Extracting signal from gaussian noise

Question

I am trying to extract a signal, $X$, from a noisy source of data, $Z$:

$Z = X + Y$

where I know that $Y\sim N(0,\sigma)$, and I know the standard deviation $\sigma$. I am starting with a surrogate distribution to the type of thing that I actually will be faced with. This is defined:

 fSurvivalGompertzDistRand[α_, β_] := ProbabilityDistribution[(1/((E^(α/β) Gamma[
      0, α/β])/β) E^(((1 - E^(t β)) α)/β)), {t, 0, ∞}]

If I draw independent samples from the above using:

data = RandomVariate[fSurvivalGompertzDistRand[0.016, 0.65], {20000}];

The histogram of results looks like:

I then add some gaussian noise to this signal, and plot a histogram of the results:

dataNoise = data + RandomVariate[NormalDistribution[0, 2.5], {20000}];
Histogram[dataNoise, 20]

Which results in a Histogram that looks like:

I would like to try to extract out the original signal, and have been looking into using a Gaussian filter. I have tried the following, but it doesn't seem to work:

Histogram[GaussianFilter[dataNoise, {1, 2.5}]]

In particular, I'm not sure how to choose the parameters of the filter, to best extract out the original signal. I presume that $\sigma$ in the Mathematica documentation is the $\sigma$ above? I have tried a large number of combinations of the parameters in the filter, but none seem any good at extracting out the original signal.

I have a fear that the amount of noise I am adding means that it is basically going to be impossible to reconstruct the original signal. The histogram of new data looks basically gaussian, so I fear the noise is just swamping the signal.

Does anyone have any ideas here? The thing I am most interested in extracting is the PDF of $X$, so if there are any methods that bypass the need to get $X$, then I'd also be interested in hearing them. Sorry, I am a complete novice in signal processing.

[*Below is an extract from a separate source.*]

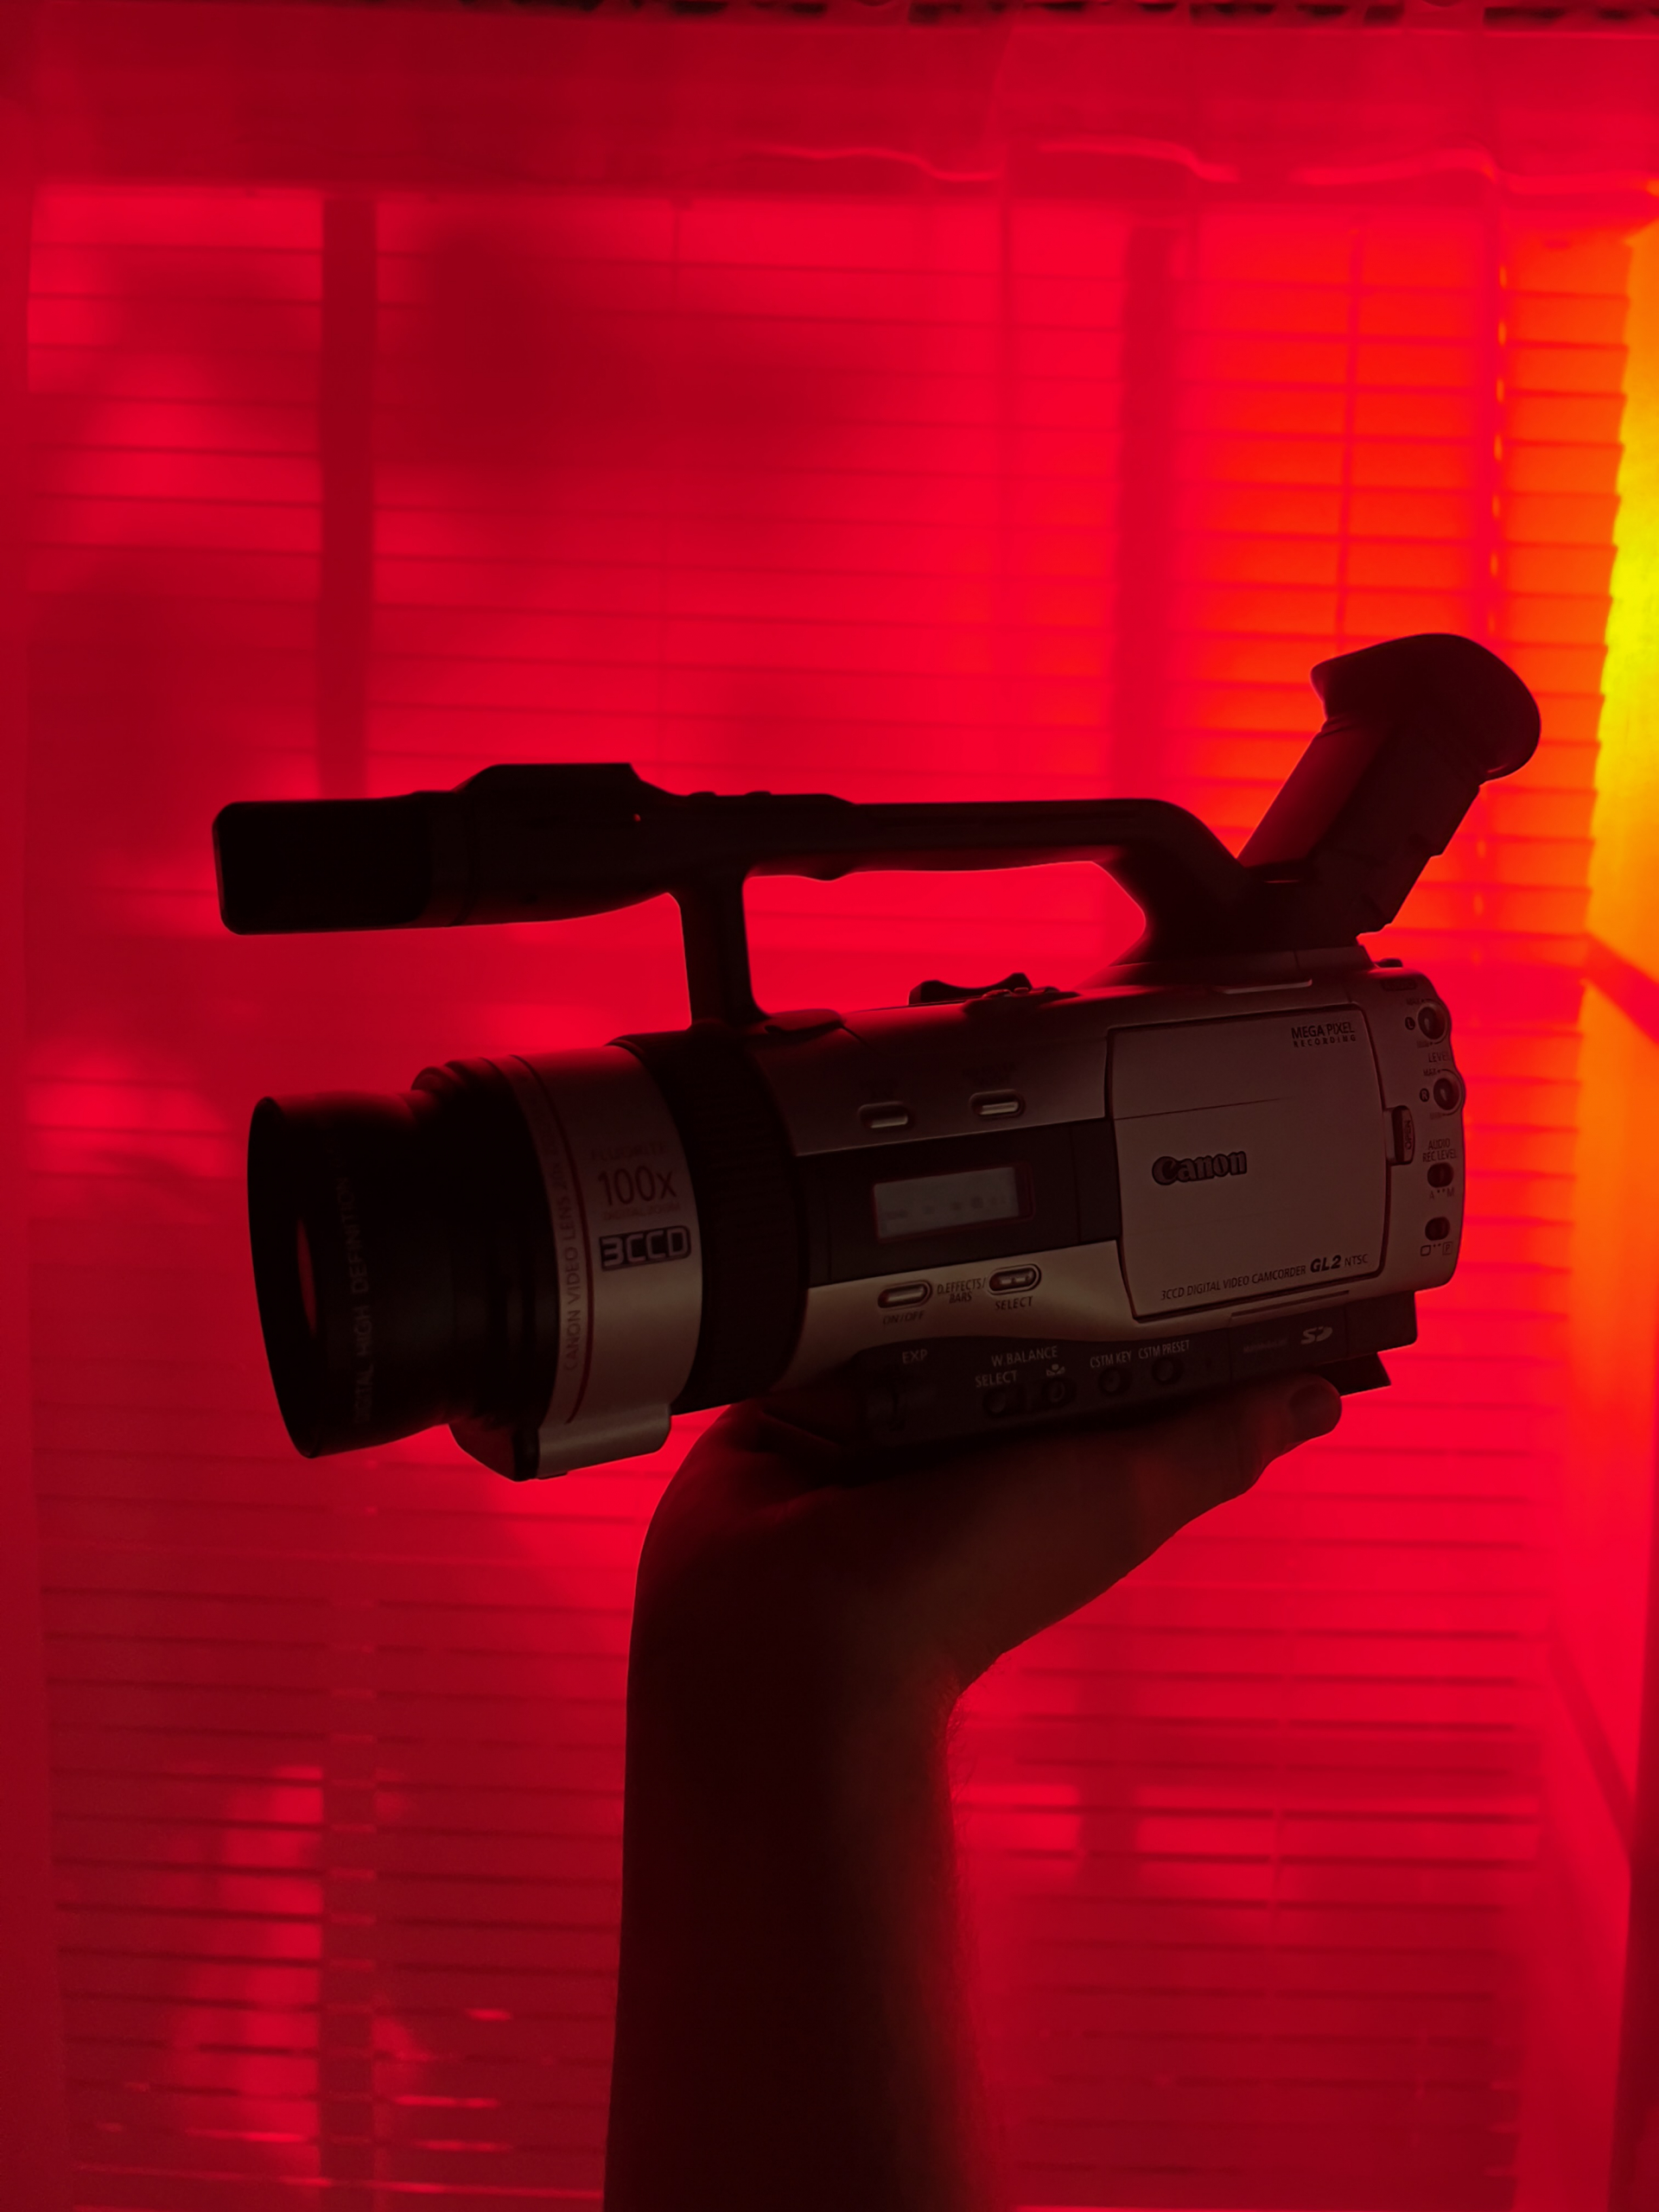 Canon GL2 held up against a curtain with red light

edit 1: Note, I am not interested in estimating the parameters of the distribution I define above - I am only using it as an example of the types of distribution that I might encounter in practice. I want to be able to estimate the PDF of $X$ for an arbitrary distribution.

Answer 1

The procedure below assumes that the original distribution $X$ (the "signal") is non-Gaussian, and $Y$ is Gaussian (normally distributed noise.)

General procedure

The procedure is as follows:

1. Find a function $F$ that applied to a collection of real numbers produces one value (say, 0) for normally distributed data and other different values for non-normally distributed data.

2. Pick a sample $\{s_i\}_{i=1}^{n}$ of the noised data with a relatively small number of $n$ points (say $n \in [20,40]$).

3. Formulate an optimization problem with $n$ variables $\{v_i\}_{i=1}^{n}$ that maximizes $ \lvert F(s-v) \rvert$ subject to constrains that would hold if $\{v_i\}_{i=1}^{n}$ come from a normal distribution (with known parameters).

4. Solve the optimization problem several times with different samples and accumulate the sets $\{s_i - v_i\}_{i=1}^{n}$ and $\{v_i\}_{i=1}^{n}$. Monitor the $\chi^2$ test over $\{v_i\}_{i=1}^{n}$.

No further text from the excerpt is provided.